2. A decree of a circuit court of appeals affirming an interlocutory order of the district court adjudging the infringement of a patent and ordering an accounting will not avail the patentee by way of res judicata or estoppel in a like suit pending before the circuit court of appeals of another circuit if not set up in the record of hat case, but merely brought to the court’s attention on argument. P. 35.
3. In such case, the effect of the decree is, at most, that which it may have under the doctrine of comity; refusal to follow it is not, in itself, a ground for reversal. Id.
4. Where there are concurrent findings of the two federal courts in one circuit that a patent has been infringed, and concurrent findings of those courts in another circuit, in a like case, that it has not, this Court, upon a review of both cases because of the conflict, will consider independently which of the decisions is correct.

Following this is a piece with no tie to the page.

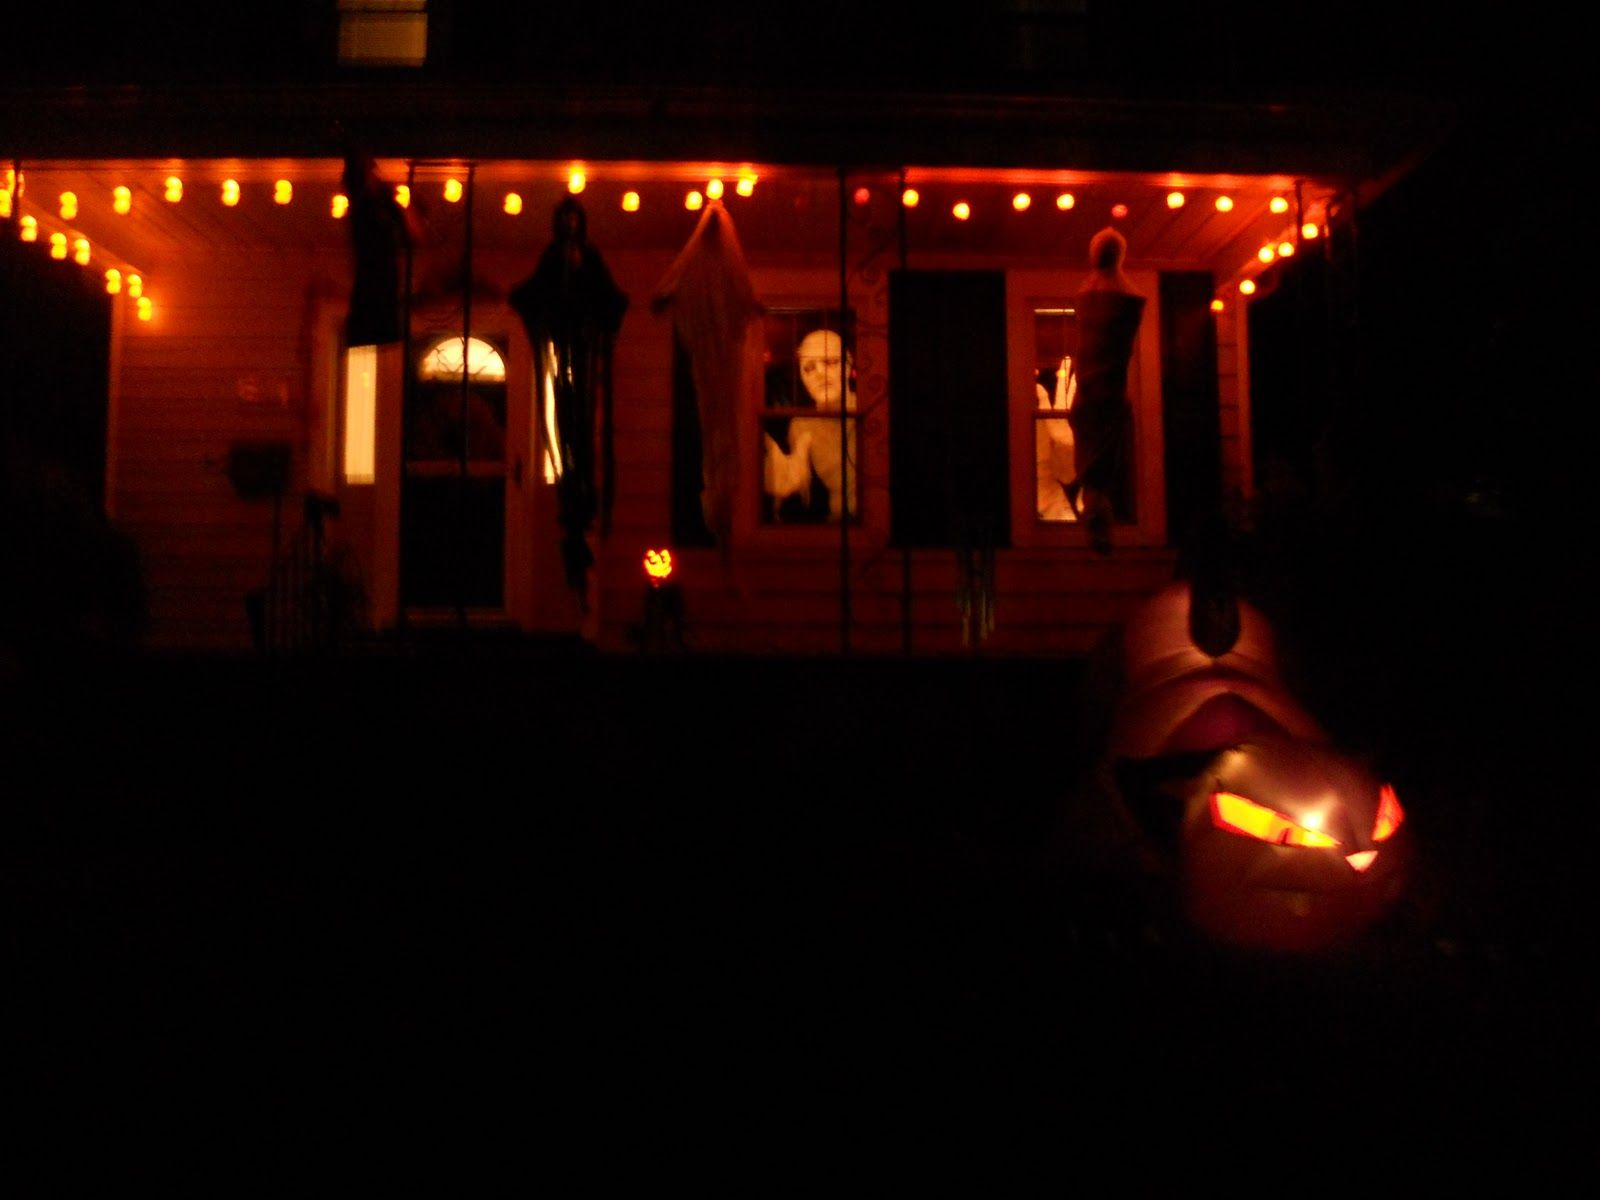 Image Result For Light Up Eyes Halloween Decoration Window Halloween Window Decorations Fun Halloween Decor Halloween Outdoor Decorations

P. 35.
5. Upon the undisputed evidence in these cases, the question of infringement resolves itself into a question of law, depending upon a comparison between the structure disclosed on the face of the plaintiff’s patent and the device complained of, and the correct application thereto of the law of equivalency. P. 36.
6. Patent No. 1,385, 102 (Claims 1 4, inclusive, and 7), issued to Winters and Crampton for an improved latch of the swinging lever type particularly adapted for use on doors of refrigerators, etc., is infringed by the defendants’ latches, manufactured under Patent No 1,575,647, issued to Schrader. P. 41.
7. A close copy which seeks to use the substance of the invention, and, although showing some changes in form and position, uses substantially the same devices, performing precisely the same offices with no change in principle, constitutes an infringement. P. 42.
8. Even where, in view of the state of the art, the invention must be restricted to the form shown and described by the patentee, and cannot be extended to embrace a new form which is a substantial departure therefrom, it is nevertheless infringed by a device in which there is no substantial departure from the description in the patent, but a mere colorable departure therefrom. P. 42.
9. Undisputed facts clearly showing infringement by a device made under a later patent held not to be overcome by any presumption of the validity of that patent. P. 43.
24 F.2d 15 affirmed.
28 F.2d 583 reversed.
Certiorari, 278 U.S. 587, to review two decrees of different circuit courts of appeals in suits for infringements of a patent. In No. 4, the court below sustained a district court decree of injunction and for an accounting. In No. 14, the court below affirmed a district court decree dismissing the bill because of noninfringement. See 20 F.2d 671.